A 124 m-high, 368 m-deep dam on the Volta River, producing electricity, to be visited at Akosombo.

In 1915, a perceptive engineer, Albert Kitson, realized that the Kwahu Plateau was rich in bauxite deposits. If a dam could be built on the Volta River, it would generate enough electricity to run a major smelter, and Tema could be turned into a deep-water port for aluminum exports. He submitted his report to the British governor, Guggisberg, who found the project too costly.

Forty years later, Nkrumah revived the idea. Obsessed with the idea of industrializing the country, he felt it was necessary to carry out the project at all costs. At the time, however, the country's only exports were gold, manganese, bauxite and diamonds. Revenues were too low to go ahead with the project.

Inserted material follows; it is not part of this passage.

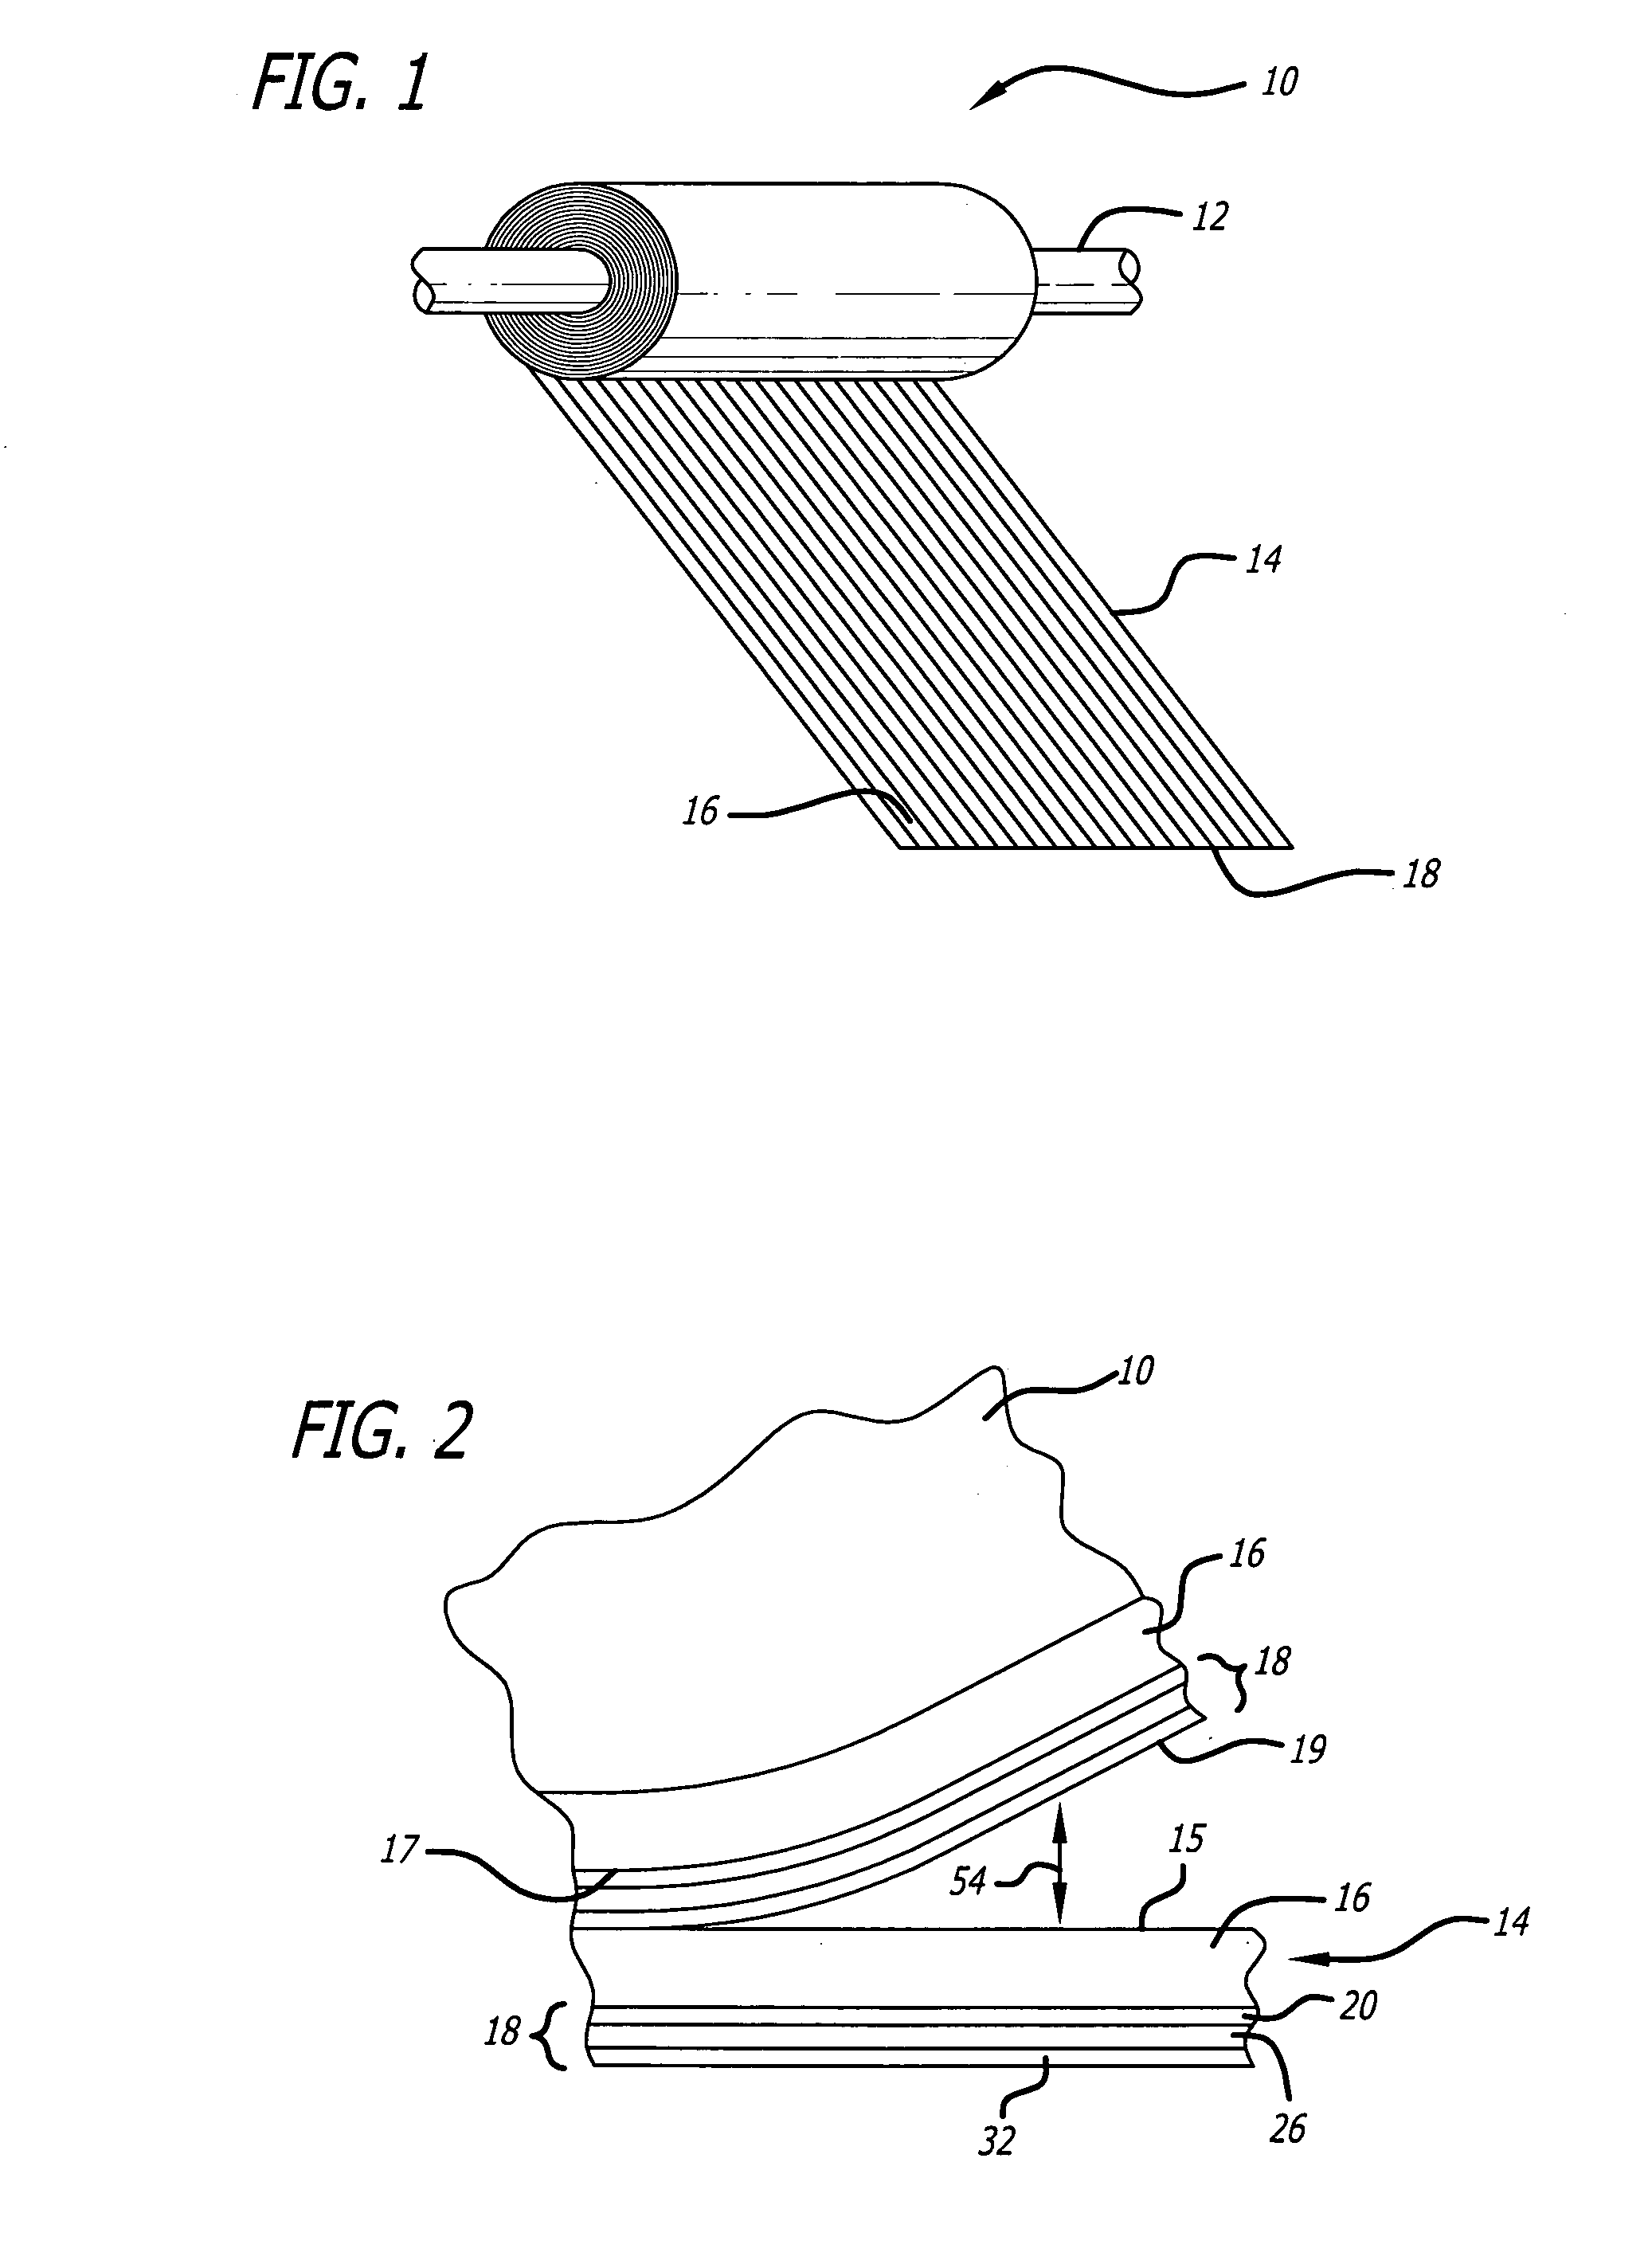 Composite Tape For Use In Tape Laying Machines

As a result, he had to accept the restrictive terms of the American firm Valco. The terms of the proposed contract were that two-thirds of the electricity produced would be retroceded, and that this advantageous contract would be established over a long period. The project was so costly that plans to extract bauxite from the Kwahu Plateau had to be postponed. Raw materials had to be imported. Work began in 1961, and the cost continued to rise. Young Ghanaians called up to work on the site were trained abroad. 84,000 expropriated people had to be resettled, most of them in the Kete-Krachi region, but also in Tema, where a city and a new port were to be built.

At the same time, the price of cocoa plummeted several times. A month after inaugurating the dam in 1966, the army ousted Nkrumah from power. For the next 17 years, the economy grew unevenly, and the terms of the contract signed with Valco provided little revenue for the Ghanaian state. The government was obliged to sell electricity to generate foreign currency.

The dam is 124 m high and 368 m deep. With a few exceptions, such as the droughts of 1983-1984, it supplies enough electricity to meet the needs of Ghana's industries and households, and covers much of Togo and Benin. Because of the likelihood of earthquakes, the dam is not built of solidified concrete, but, like nuclear power plants, with a lining of large stones. Lake Volta is one of the world's largest man-made lakes. It now floods 850,000 hectares of land, equivalent to 7% of Ghana's surface area.